I proceeded to sleep in today, but the pool is open until 5:45 today and tomorrow, so my goal is to get there and work out in the water again, both days. Lots of house chores to do today, but if I can make some progress by 4:30, I'm going to treat myself to some pool tiime. I only need 25 minutes to hit 500 fitness minutes for March. And then I want to increase that for April, so a Sunday pool visit is on the agenda as well.
I'm still up about 3 pounds from March 1st. Not please about that, but all I can control is what I do today. One meal and one bit of activity at a time.
Friday, March 30, 2012
Have to start thinking about April goals now. Since March didn't go so well.

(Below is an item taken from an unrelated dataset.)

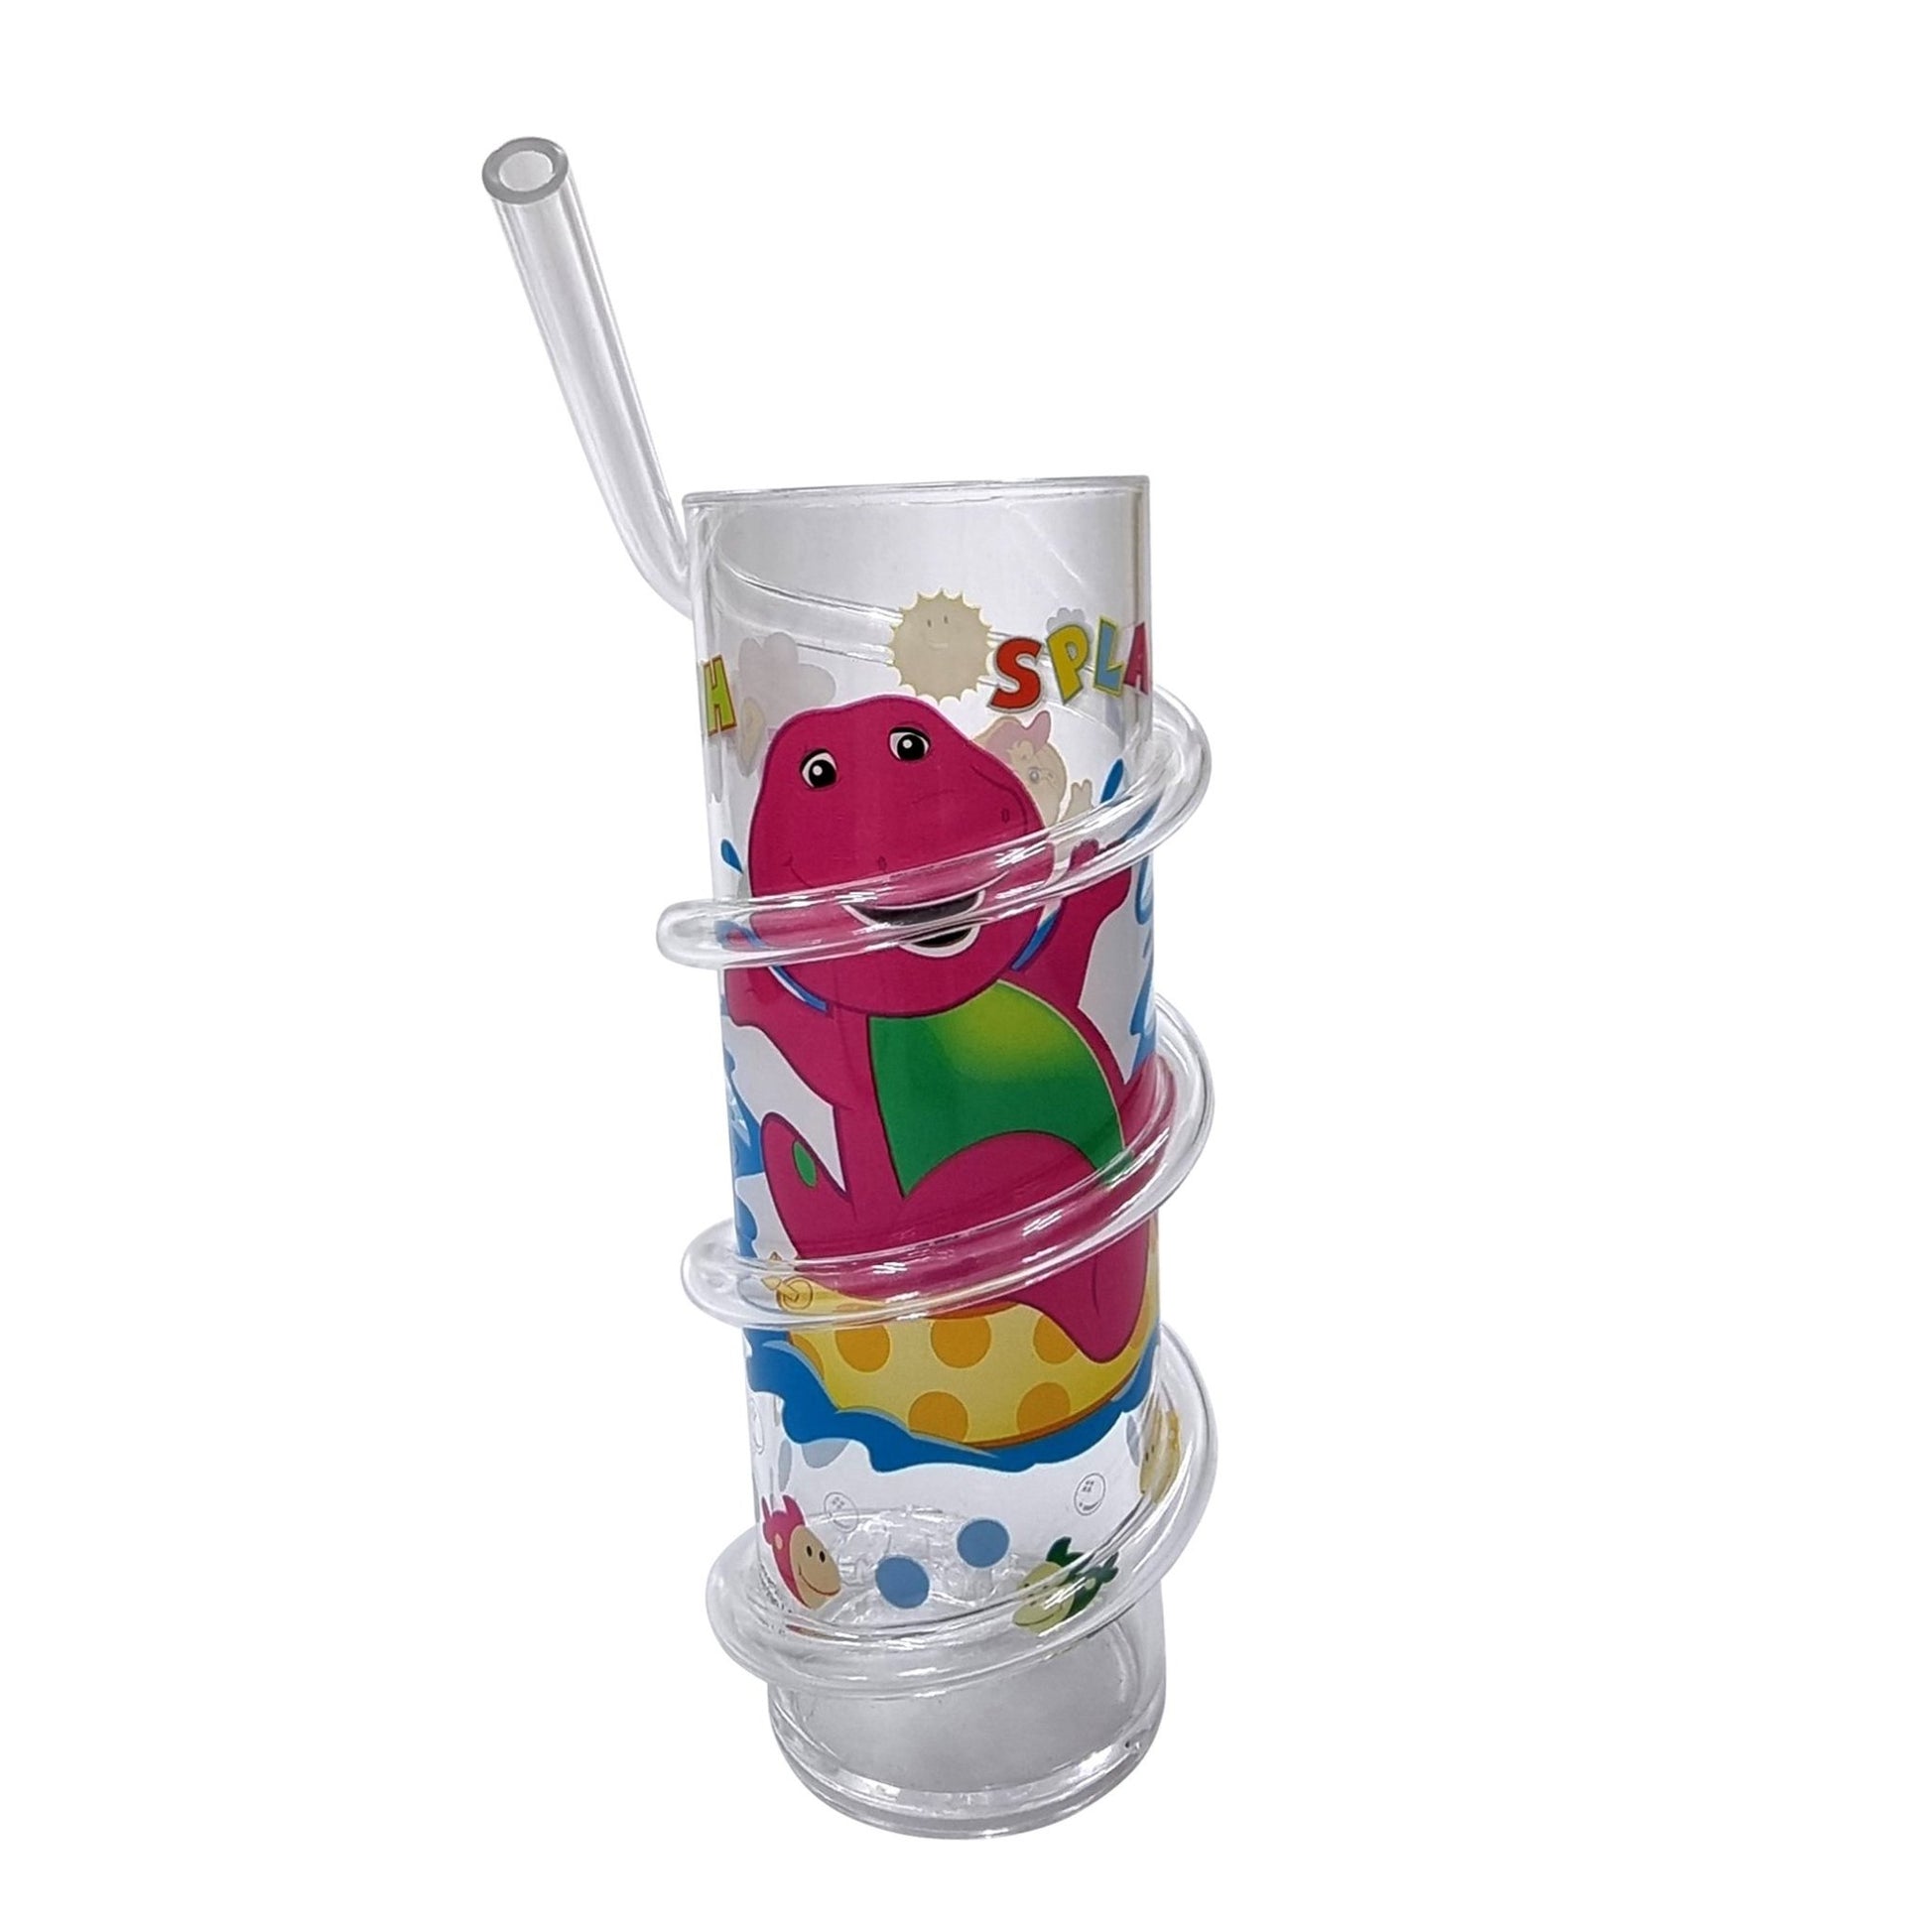 Spiral Cup - Assorted Prints - Simply Life

I may end up with only a small gain for March, which is good, since I was up almost 10 pounds at one point.
I was shooting for 1000 fitness minutes in March, and am now shooting for half that - I need about 100 minutes today and tomorrow to make that happen. Tomorrow's 1-hour water aerobics class will get most of that; just need to get a walk or something in today.
Wednesday, March 28, 2012
I love cheese. Love, love, love.
I really love blue cheese. Lately I've been seeing one called "smoked blue cheese." That has to be good. And I read something earlier this week that the saturated fat in cheese is better than other saturated fat. (Rationalization!)
But the good blue cheese (or is it bleu cheese?) is almost always pretty pricey. I keep thinking I'll buy some when it goes on sale.
Today, there it was - smoked blue cheese wedge for 2.99.
I thought about it.
I picked it up and checked the label. 5.5 ounces. 100 calories per ounce. So 550 calories for the entire wedge.
I know myself. It's really likely that I would eat the entire wedge in one day. And today, I was already over 1400 calories, before dinner. So even if I ate half, that was really going to minimize what I could have for dinner.
So I put it back.
Maybe later in the week, when I've got more calories to play with. Or maybe not.
Wednesday, March 28, 2012
I made it through yesterday with none of the foods I promised myself that I wouldn't eat. Yay, me!
I'm continuing that today. It feels good to feel in control.
Not only did I skip the dreaded cheez-its and ice cream yesterday, I also didn't have a single M&M or fun-sized candy bar (also in my house - wish they weren't, but the fact is that I am the one who controls what goes in my mouth).
What did happen yesterday was me seeing how easy it is to have calories sneak in. I forgot about the kidney beans I ate when preparing a salad for my daughter. Close to 70 calories. Same thing with a quick snack of imitation crab. It's so easy for those little things to sneak in.
I suppose that's partly why i try to over-estimate my calories, when I'm estimating. So that I'm also covering those little things that I might miss. I try not to - especially not after yesterday's reminder!
The scale is coming back down. Not sure if March will be a stay-the-same month or a small gain. But either way, I keep going.